Available data →
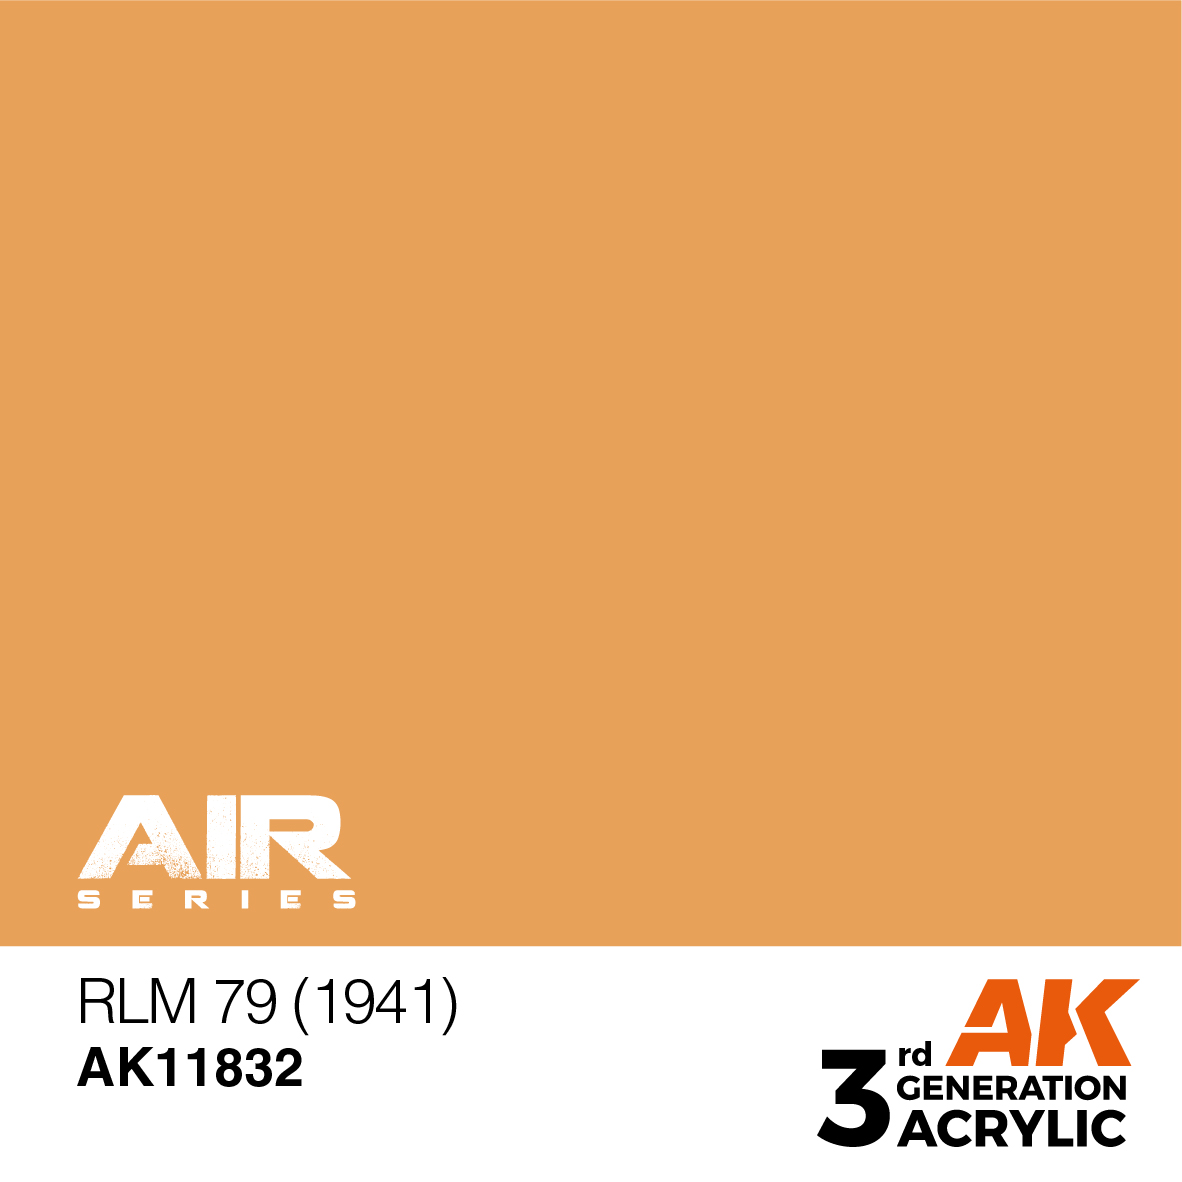 RLM 79 (1941) – AIR
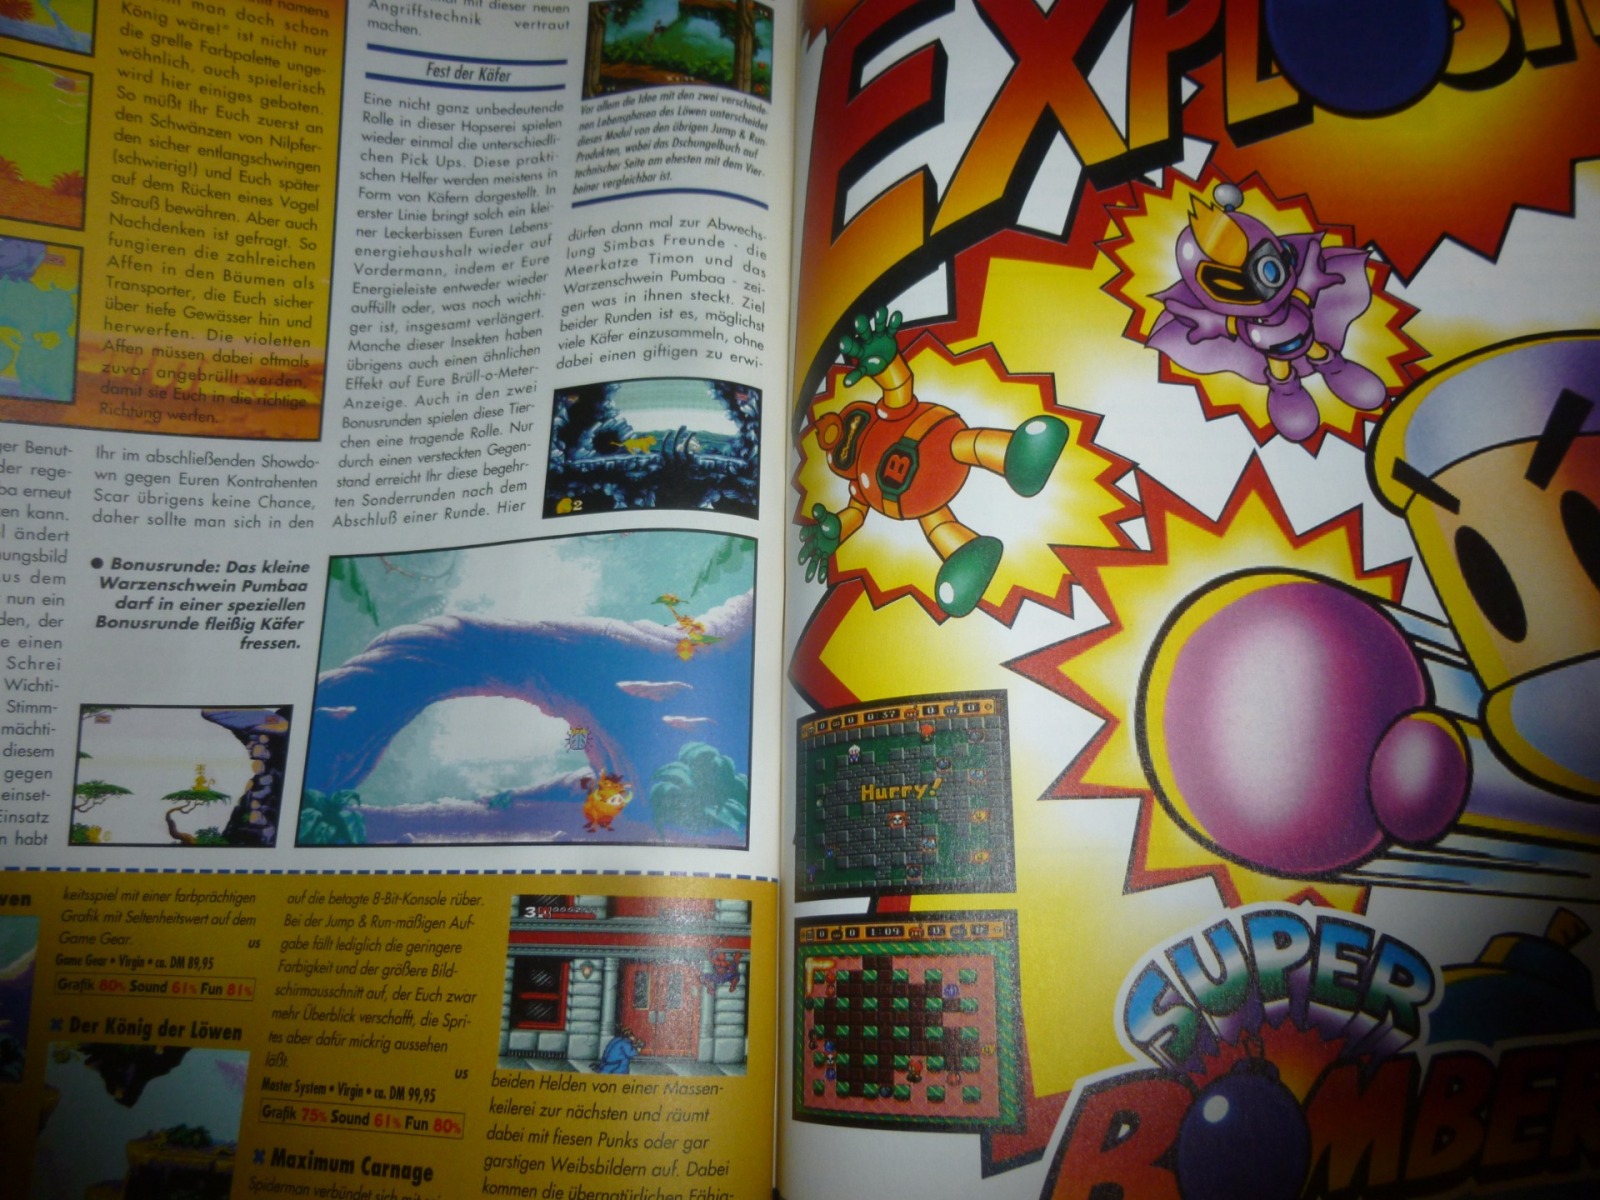 Play Time - Das Computer- und Videospiele-Magazin - Ausgabe 1/95 1995 22
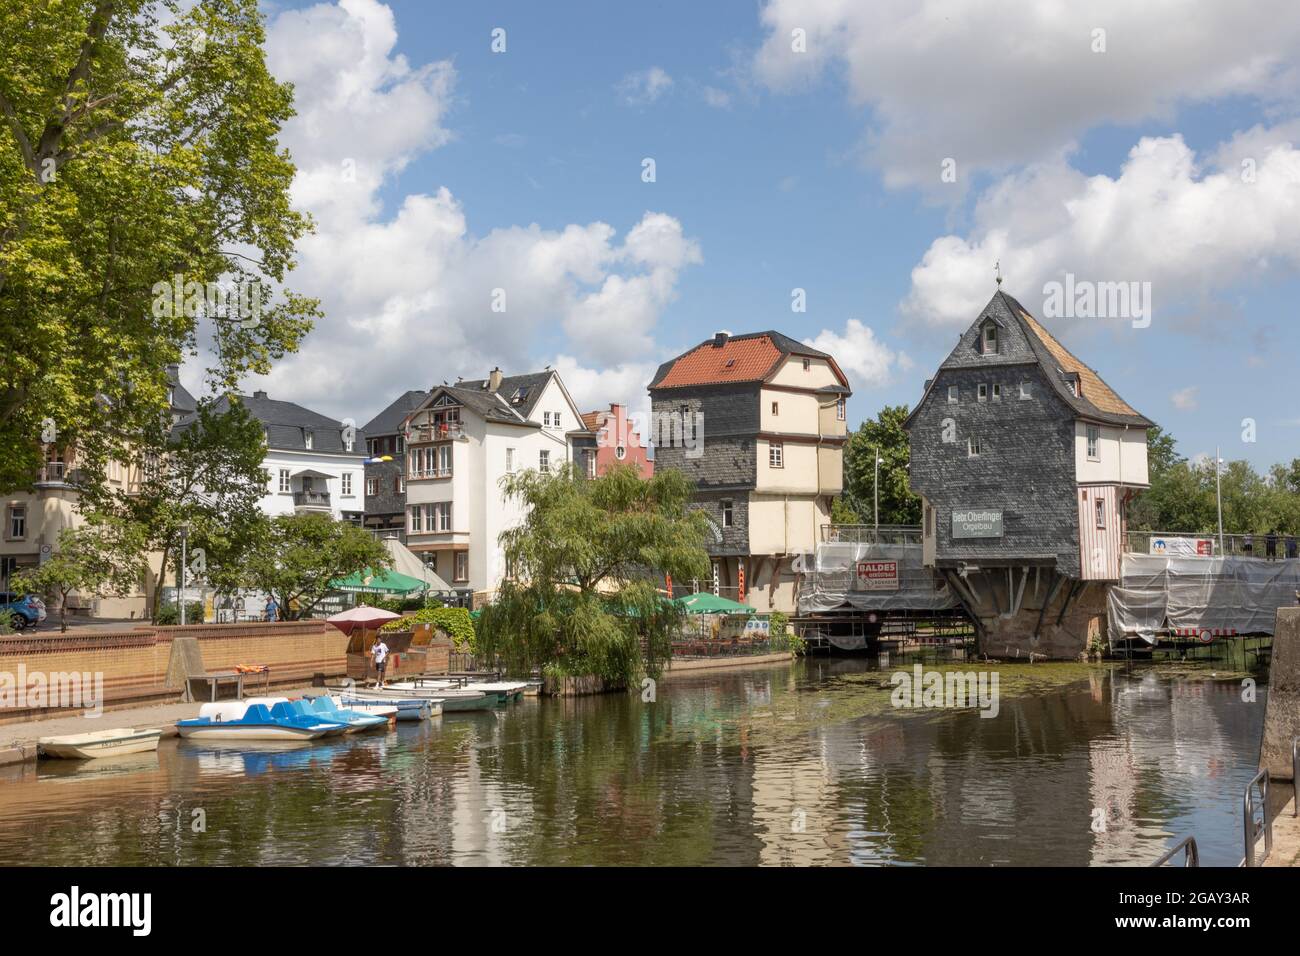 Bridge houses on the Old Nahe Bridge in Bad Kreuznach, Rhineland-Palatinate, Germany. Stock Photo

Assignment → This task calls for the lines from the line containing "Play Time - Das" through the end of the listing, set down exactly and only, with pictures omitted.

Answer below →
 Play Time - Das Computer- und Videospiele-Magazin - Ausgabe 1/95 1995 22
 Bridge houses on the Old Nahe Bridge in Bad Kreuznach, Rhineland-Palatinate, Germany. Stock Photo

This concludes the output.